The spline approach uses quantile regression to fit a smoothing spline to the 4sU dropout rank plot, which is then used to correct labelled RNA.
Value
a new grandR object that is corrected for 4sU dropout
See Also
Estimate4sUDropoutPercentage,ComputeSummaryStatistics
Internal function to apply functions to all slots etc.
Description
Internal function to apply functions to all slots etc.
Usage
data.apply(data, fun, fun.gene.info = NULL, fun.coldata = NULL, ...)
Arguments
data |
a grandR object |
fun |
apply this function to each data slot (i.e. it receives each data matrix) |
fun.gene.info |
apply this function to the gene info table |
fun.coldata |
apply this function to the column annotation table |
... |
passed further to fun, fun.gene.info and fun.coldata |
Details
The additional parameters are provided to each of the functions.
Value
A new grandR object
Density estimation in 2d
Description
Estimate point densities on a regular grid for.
Usage
density2d(x, y, facet = NULL, n = 100, margin = "n")
Arguments
x |
x coordinates |
y |
y coordinates |
facet |
factor: estimate for each unique factor; can be NULL |
n |
size of the grid |
margin |
one of 'n','x' or 'y'; should the density be computed along both axes ('n'), or along 'x' or 'y' axis only |
Value
a density value for each point
Perform 4sU dropout tests
Description
Testing for RNA dropout of a 4sU sample is performed by comparing half-lives or NTR ranks against the log2 fold change of the 4sU sample vs equivalent no4sU samples.
Usage
Plot4sUDropoutRankAll(data, pairs = Findno4sUPairs(data), ...)
Plot4sUDropoutAll(data, pairs = Findno4sUPairs(data), ...)
Plot4sUDropoutDeferAll(data, pairs = NULL, ...)
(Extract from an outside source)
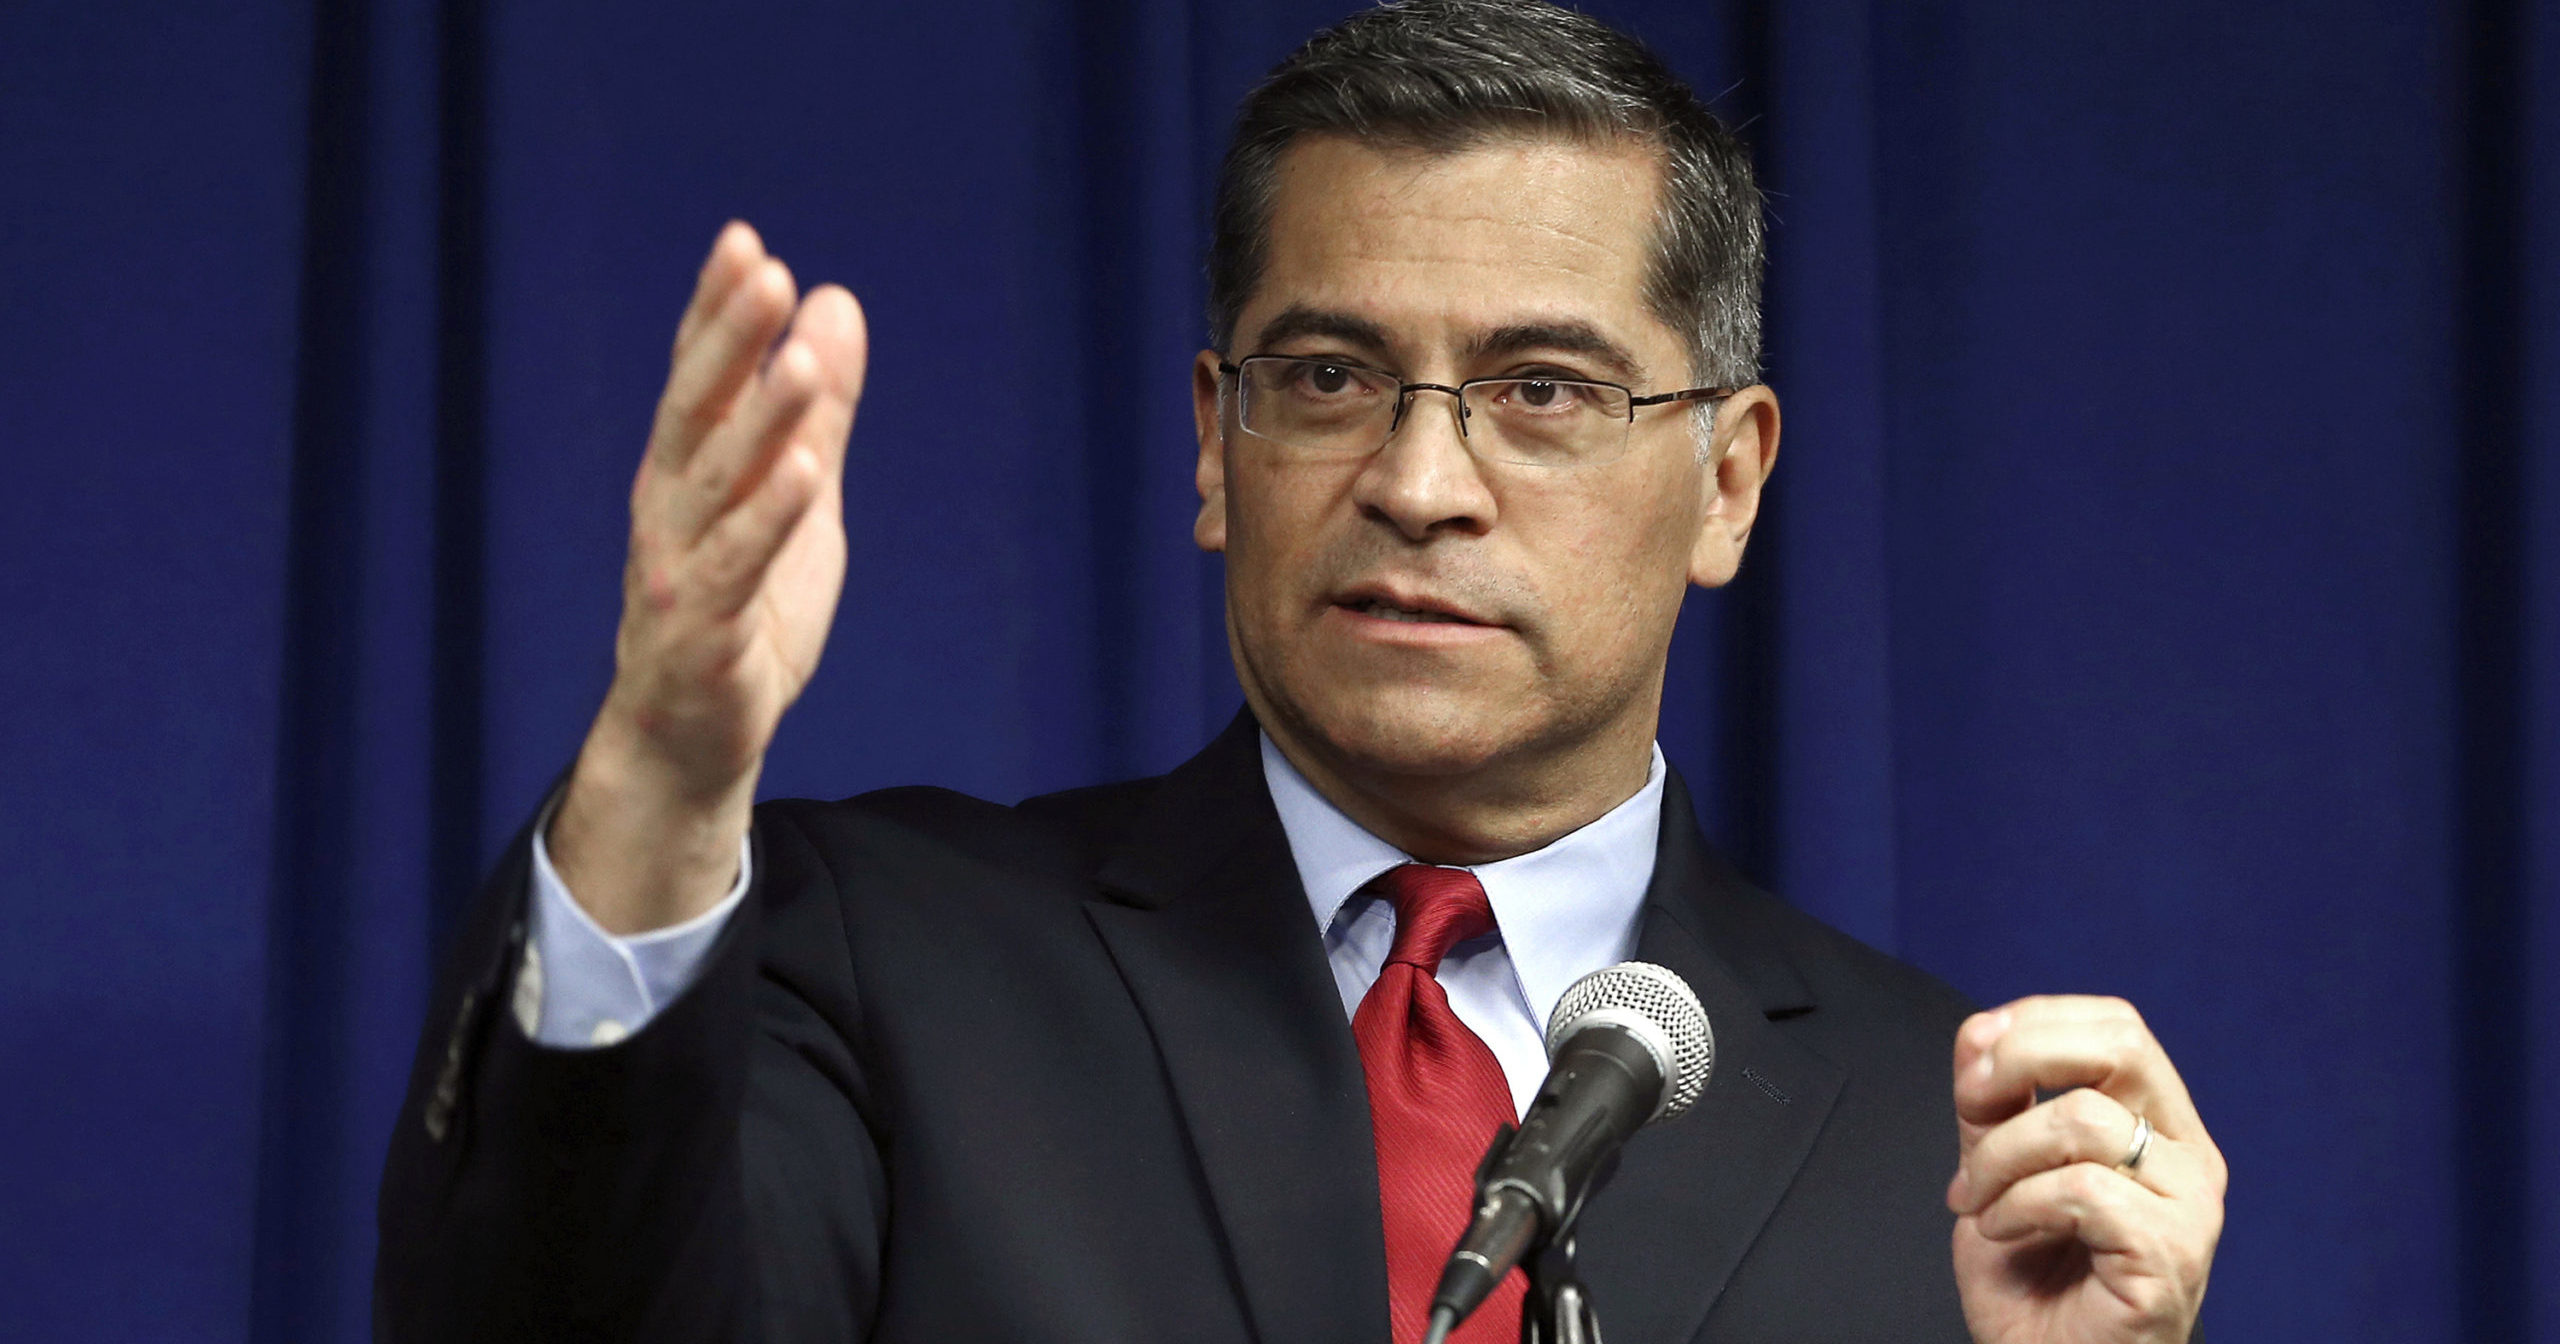 In this March 5, 2019, file photo, California Attorney General Xavier Becerra speaks during a news conference in Sacramento, California.

Plot4sUDropoutRankDeferAll(data, pairs = NULL, ...)
Plot4sUDropoutRank(
data,
w4sU,
no4sU = Findno4sUPairs(data)[[w4sU]],
ntr = w4sU,
ylim = NULL,
LFC.fun = lfc::PsiLFC,
slot = "count",
correction = 1,
label.corr = TRUE,
return.corr = FALSE,
boxplot.bins = 10,
title = w4sU,
size = 1.5,
invert.ranks = FALSE
)
Plot4sUDropout(
data,
w4sU,
no4sU = Findno4sUPairs(data)[[w4sU]],
ntr = w4sU,
ylim = NULL,
LFC.fun = lfc::PsiLFC,
slot = "count",
hl.quantile = 0.8,
hl = NULL,
correction = 1,
label.corr = FALSE,
return.corr = FALSE,
title = w4sU,
size = 1.5,
color.by.ntr = FALSE
)
Arguments
data |
a grandR object |
pairs |
a no4sU pairs list as generated by Findno4sUPairs |
... |
further arguments to be passed to or from other methods. |
w4sU |
the name of a 4sU sample |
no4sU |
the name(s) of equivalent no4sU sample(s) |
ntr |
the name of a sample to take NTRs from (usually equal to w4sU) |
ylim |
y axis limits |
LFC.fun |
function to compute log fold change (default: PsiLFC, other viable option: NormLFC) |
slot |
the slot of the grandR object to take the data from; for PsiLFC, this really should be "count"! |
correction |
correction factor |
label.corr |
add statistics as subtitle |
return.corr |
instead of only the ggplot object, return a list with slots plot (what is normally returned) and label (the correlation statistics) |
boxplot.bins |
how many boxplots for |
title |
the main title for the plot |
size |
the point size |
invert.ranks |
if TRUE, left to right on the plot is largest NTR to smallest NTR |
hl.quantile |
the half-life quantile to cut the plot |
hl |
if NULL, compute half-lives from the ntr column; otherwise, must be a vector containing half-lives |
color.by.ntr |
if true, compute the density colors along the ntr axis instead of globally |
Details
The deferred versions are useful to be used in conjunction with ServeGrandR plot.static. Their implementation make sure that they are lightweight, i.e. when saving the returned function to an Rdata file, the grandR object is not stored.
Value
either a ggplot object, a list of ggplot objects, or a list of deferred functions for plotting
See Also
Estimate 4sU dropout percentages
Description
For several potential reasons, a sample specific percentage of reads from labelled RNA might be lost. This percentage can be estimated from data of this sample and an equivalent 4sU naive control (see details).
Usage
Estimate4sUDropoutPercentage(data, pairs = Findno4sUPairs(data), ...)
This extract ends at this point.